This is a huge TODO, innocently tucked in here. And it dovetails into the block comment above about using different types for the lookup. I don't know how to solve this one at the moment. So I'm saving it fair a rainy day.

nik9000 · 2024-04-25T12:18:19Z

x-pack/plugin/esql/compute/src/test/java/org/elasticsearch/compute/OperatorTests.java

        return docIds;
    }

+    public void testHashLookup() {


I've not plugged the HashLoopupOperator into anything yet so good old OperatorTests will have to do. This has been here since long before I started working on ESQL and it's kind of a junk drawer. But it'll do until we get this wired in.

nik9000 · 2024-04-25T12:19:06Z

...n/esql/compute/src/test/java/org/elasticsearch/compute/operator/IteratorAppendPageTests.java

+ * subclass that appends {@code 1} and chunks the incoming {@link Page}
+ * at {@code 100} positions.
+ */
+public class IteratorAppendPageTests extends OperatorTestCase {


This is quite like the behavior of HashLookupOperator, but easier to reason about because the code fits on the screen....

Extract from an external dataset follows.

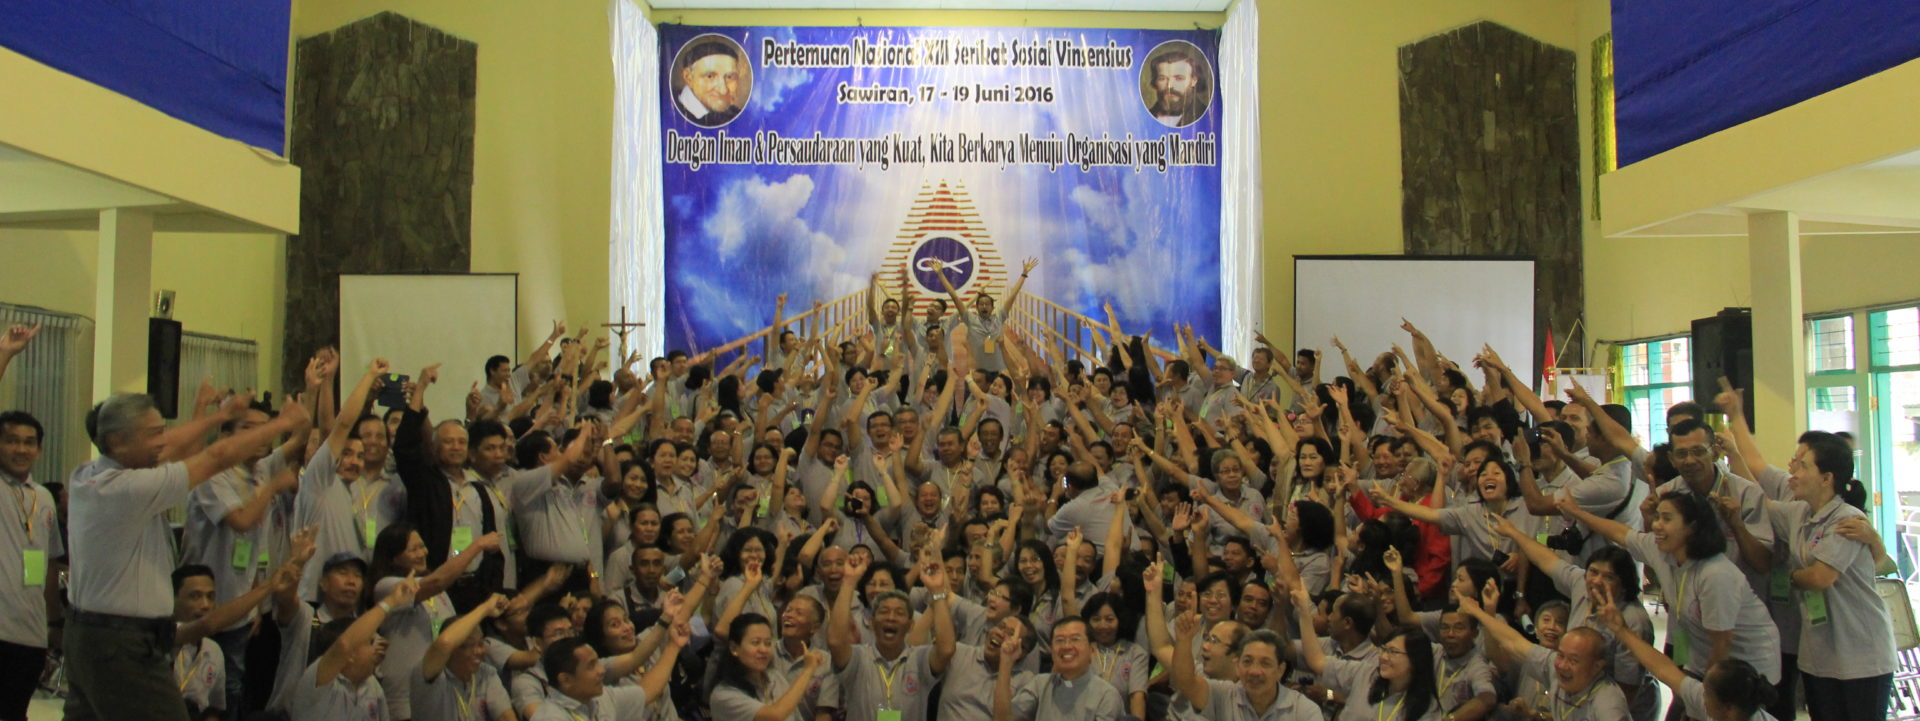 Serikat Sosial Vinsensius Indonesia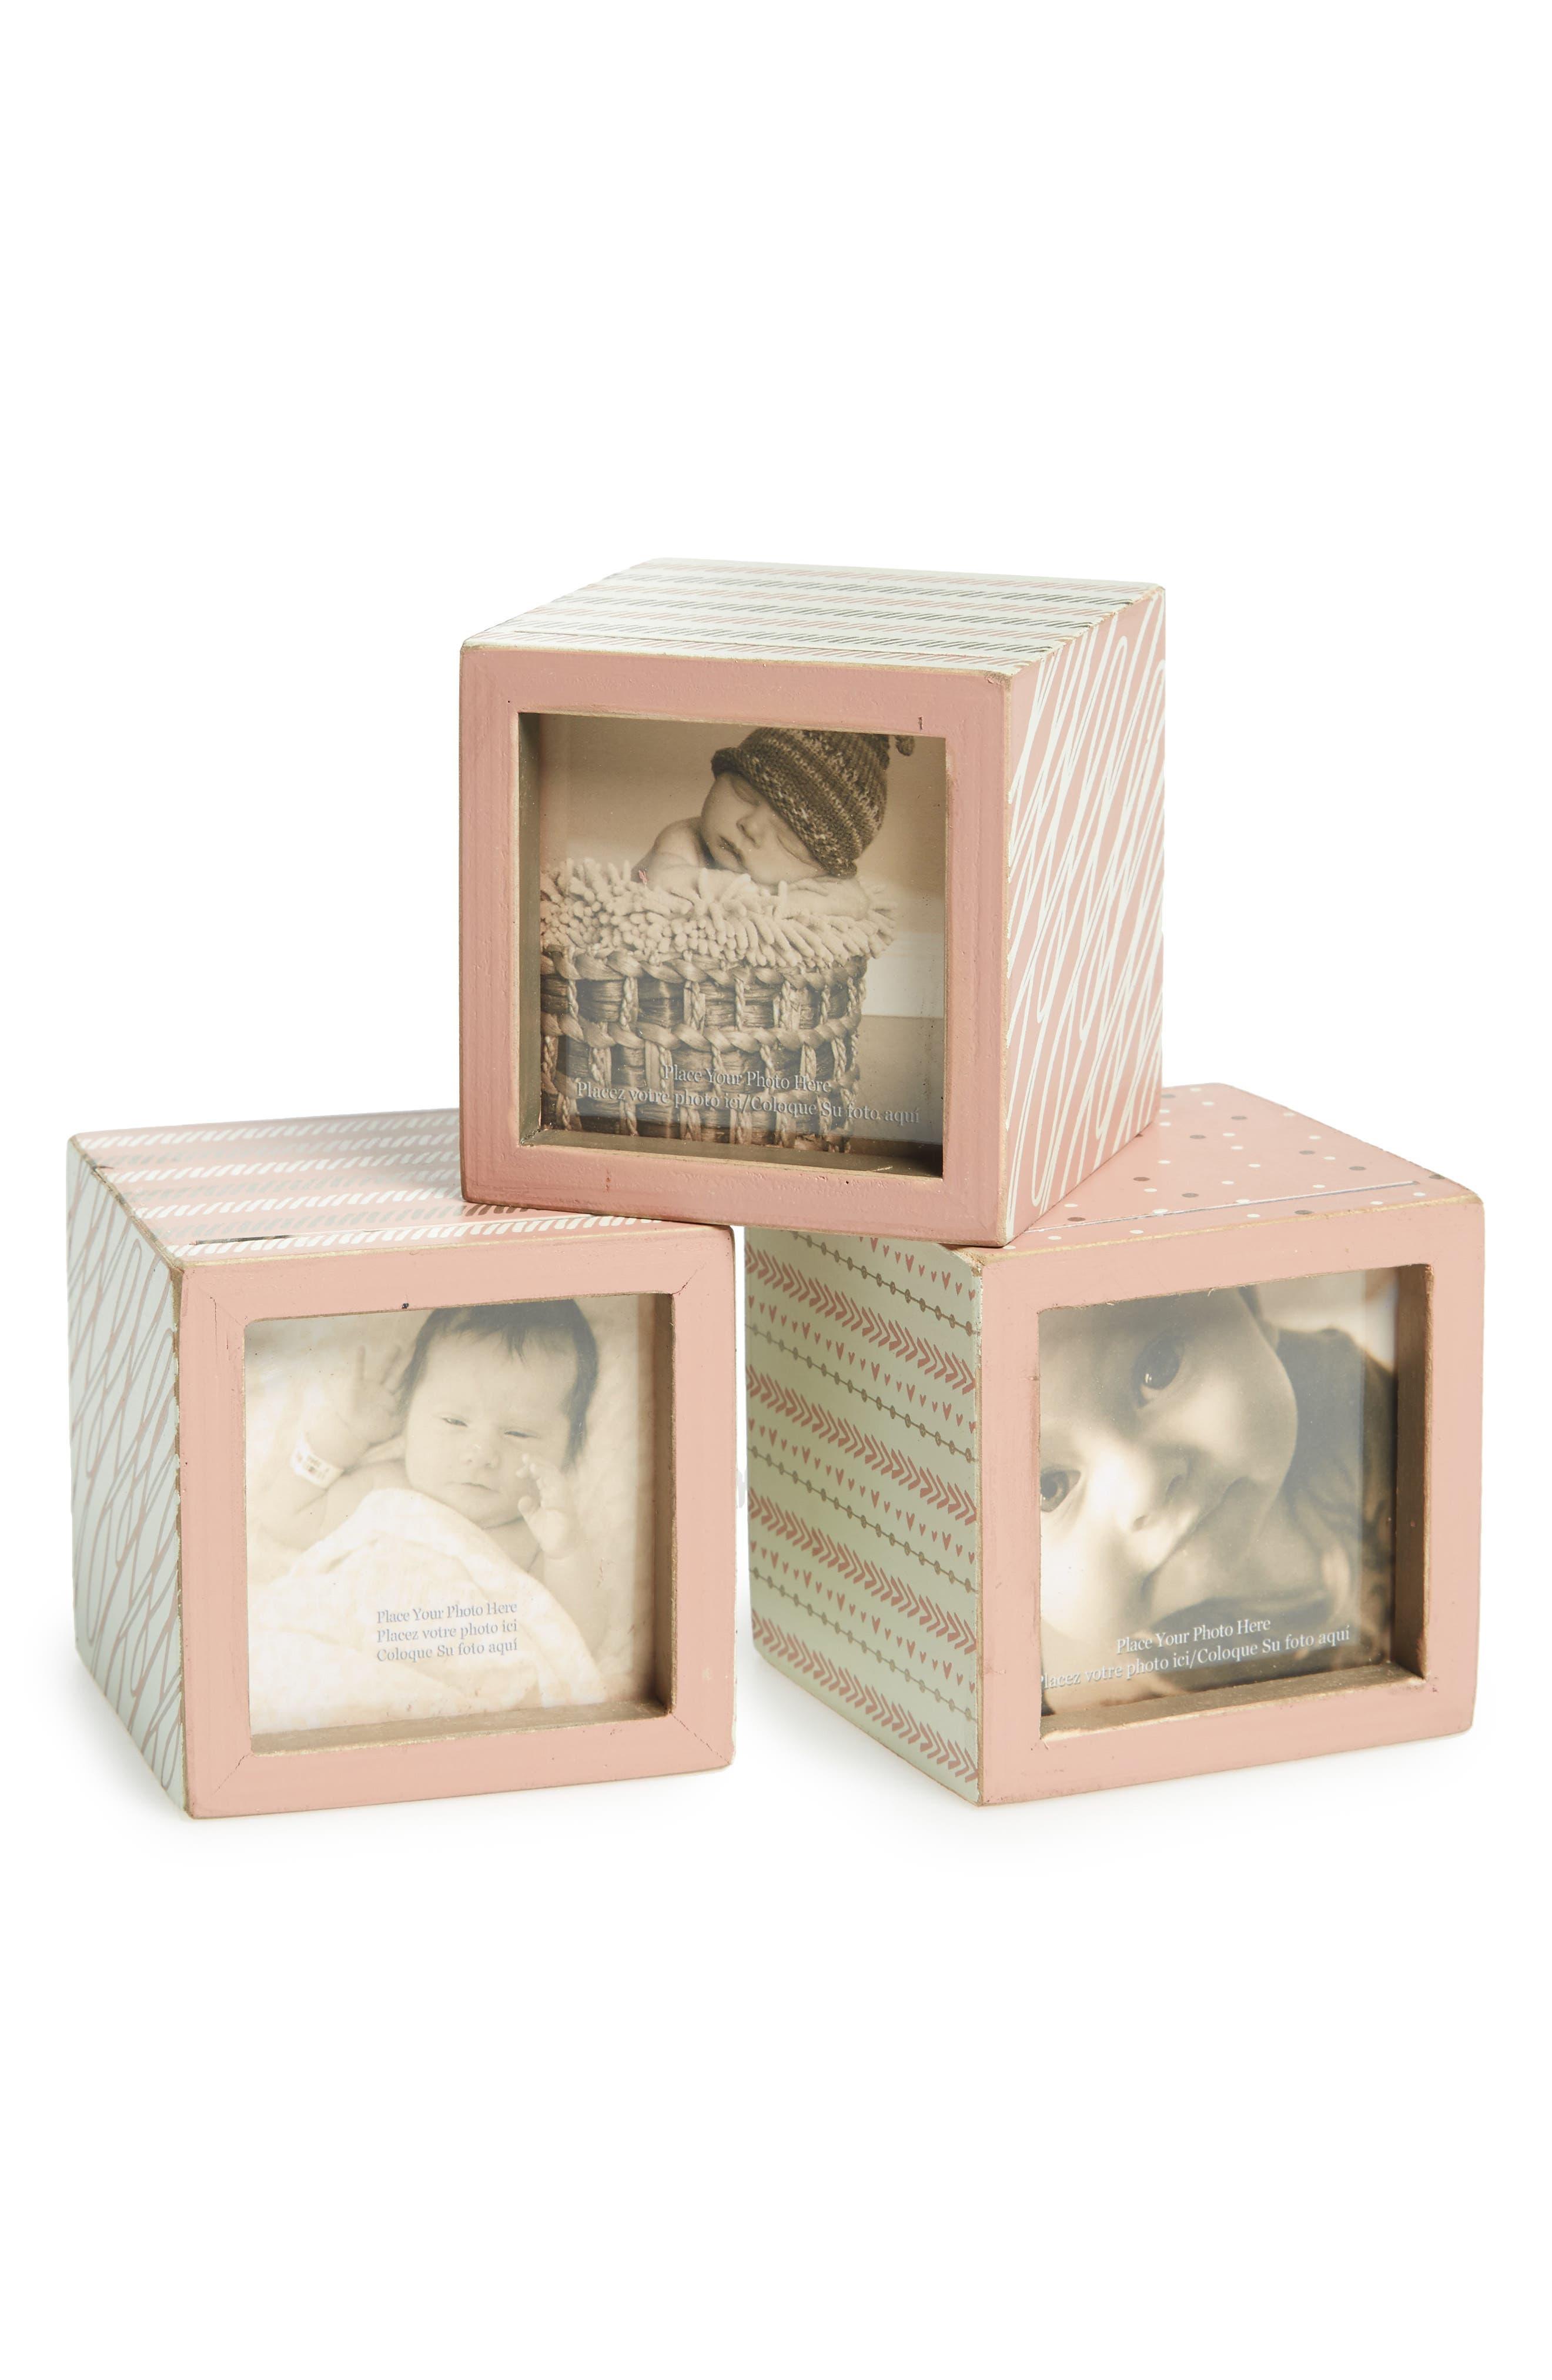 Main Image - Primitives by Kathy Set of 3 Photo Blocks

nik9000 · 2024-04-25T12:19:56Z

...n/esql/compute/src/test/java/org/elasticsearch/compute/operator/IteratorRemovePageTests.java

+ * Tests {@link AbstractPageMappingToIteratorOperator} against a test
+ * subclass that removes every other page.
+ */
+public class IteratorRemovePageTests extends OperatorTestCase {


No other extensions to AbstractPageMappingToIteratorOperator can yield an empty Iterator. But this feels like an important edge case to cover.

nik9000 · 2024-04-25T12:20:53Z

...k/plugin/esql/compute/src/test/java/org/elasticsearch/compute/operator/OperatorTestCase.java

-            for (int i = 0; i < p.getBlockCount(); i++) {
-                resultBlocks.add(p.getBlock(i));
-            }
-


I ended up here because I was debugging something I'd broken, but this was hard to read because it was doing stuff it doesn't really have to do. That resultBlocks list was just built and thrown away. I don't recall what it was for, but we don't need it.

dnhatn

I like it. Thanks Nik!

dnhatn · 2024-04-25T20:37:34Z

...plugin/esql/compute/src/main/java/org/elasticsearch/compute/operator/HashLookupOperator.java

+
+public class HashLookupOperator extends AbstractPageMappingToIteratorOperator {
+    /**
+     * Factory for {@link HashLookupOperator}. It's received {@link Block}s


Eventually, we need to release these blocks. Let's keep them as they are until we integrate with the planning.

Yeah! I've been playing around with limiting the size of the blocks and not tracking them. That's "simpler", but it's not good. It might be the right thing to do to get us moving.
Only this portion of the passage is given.